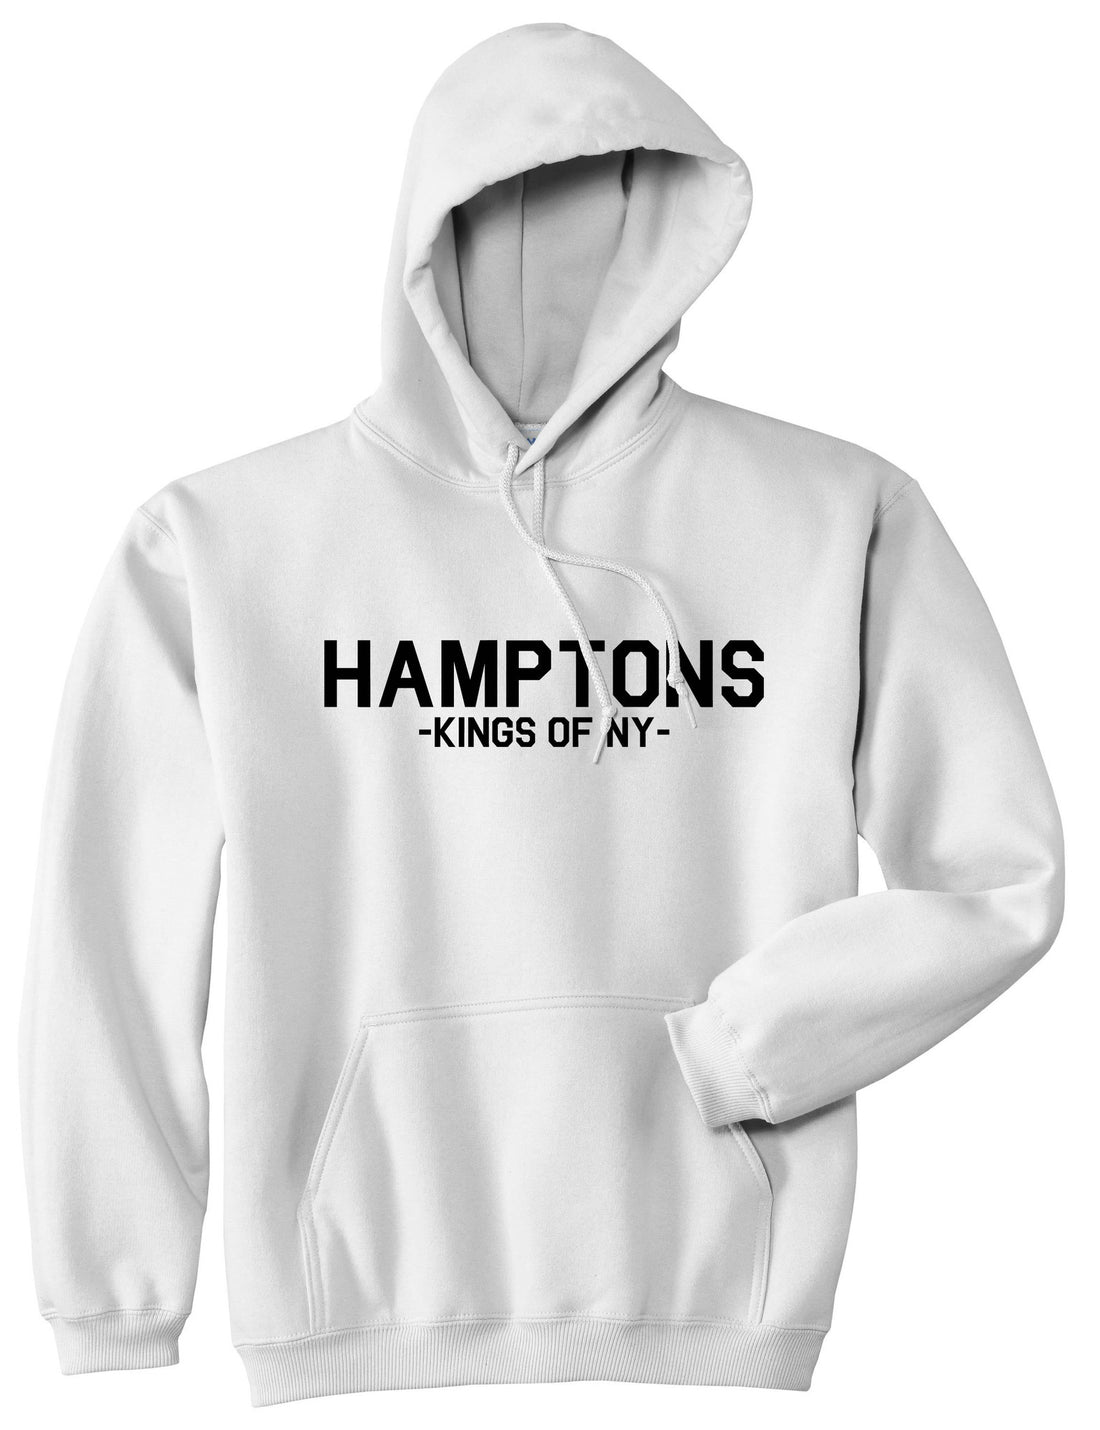 Hamptons New York Pullover Hoodie Hoody in White
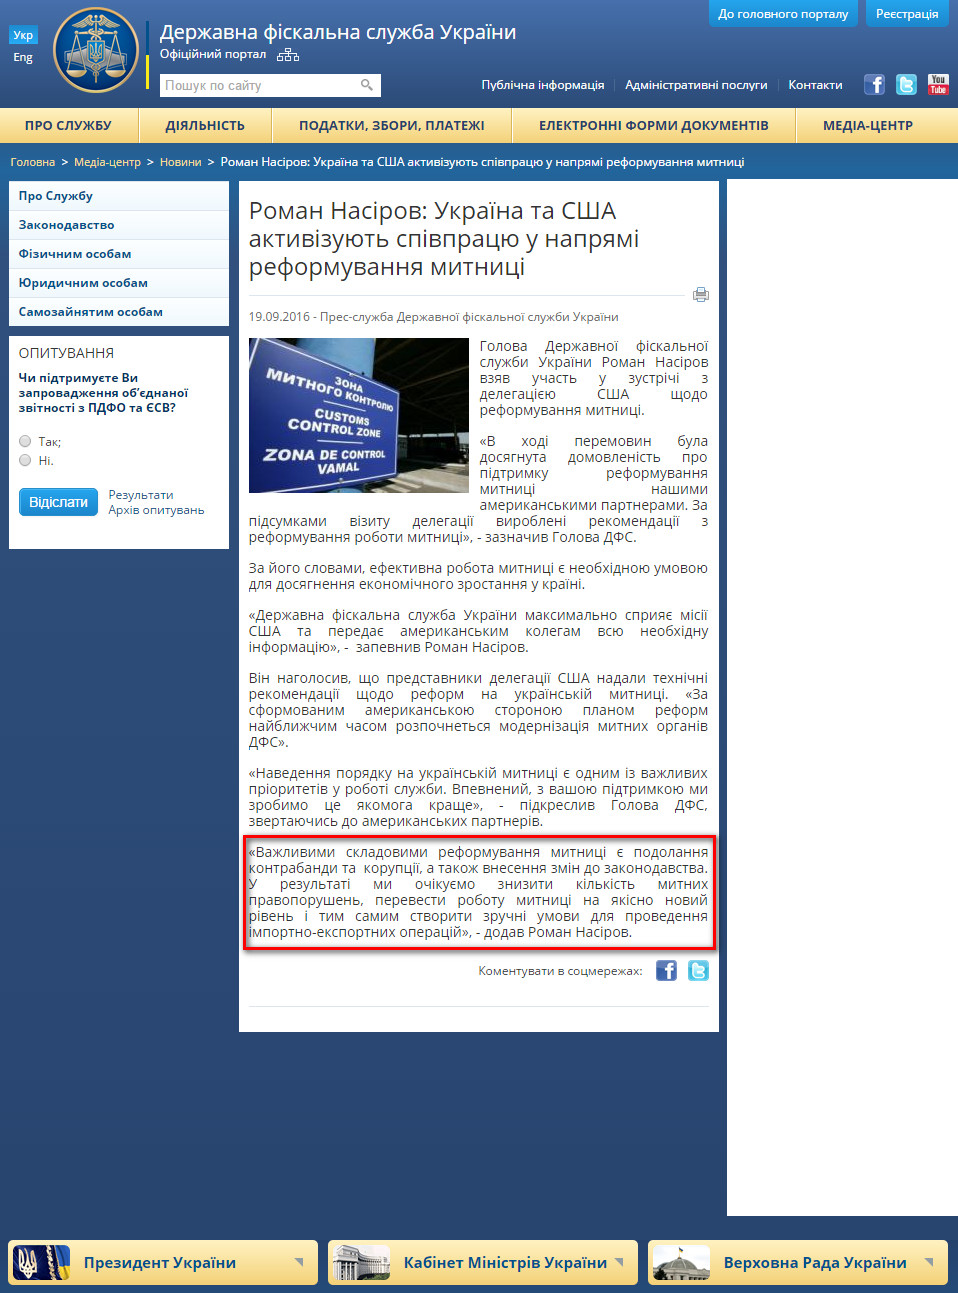 http://sfs.gov.ua/media-tsentr/novini/267270.html
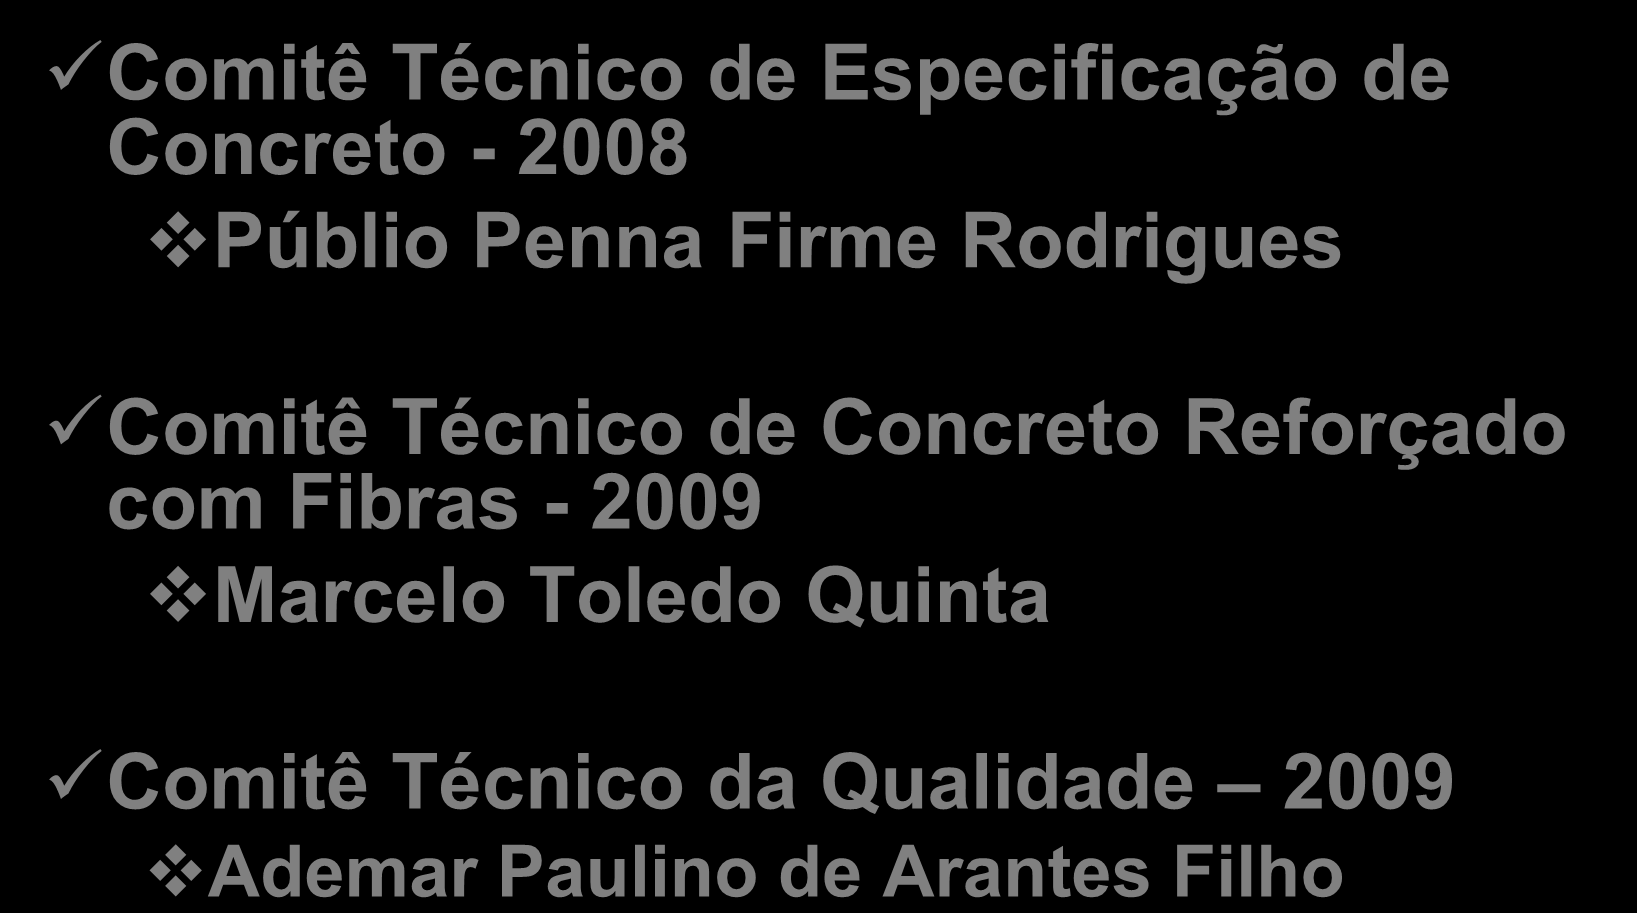 Comitês Técnicos Comitê Técnico de Especificação de Concreto - 2008 Públio Penna Firme Rodrigues Comitê Técnico de

▶ Activity:
From the first line to the last, retype the data exactly, but omit every image.

▶ Answer section:
 Hamptons New York Pullover Hoodie Hoody in White
 http://sfs.gov.ua/media-tsentr/novini/267270.html
 Comitês Técnicos Comitê Técnico de Especificação de Concreto - 2008 Públio Penna Firme Rodrigues Comitê Técnico de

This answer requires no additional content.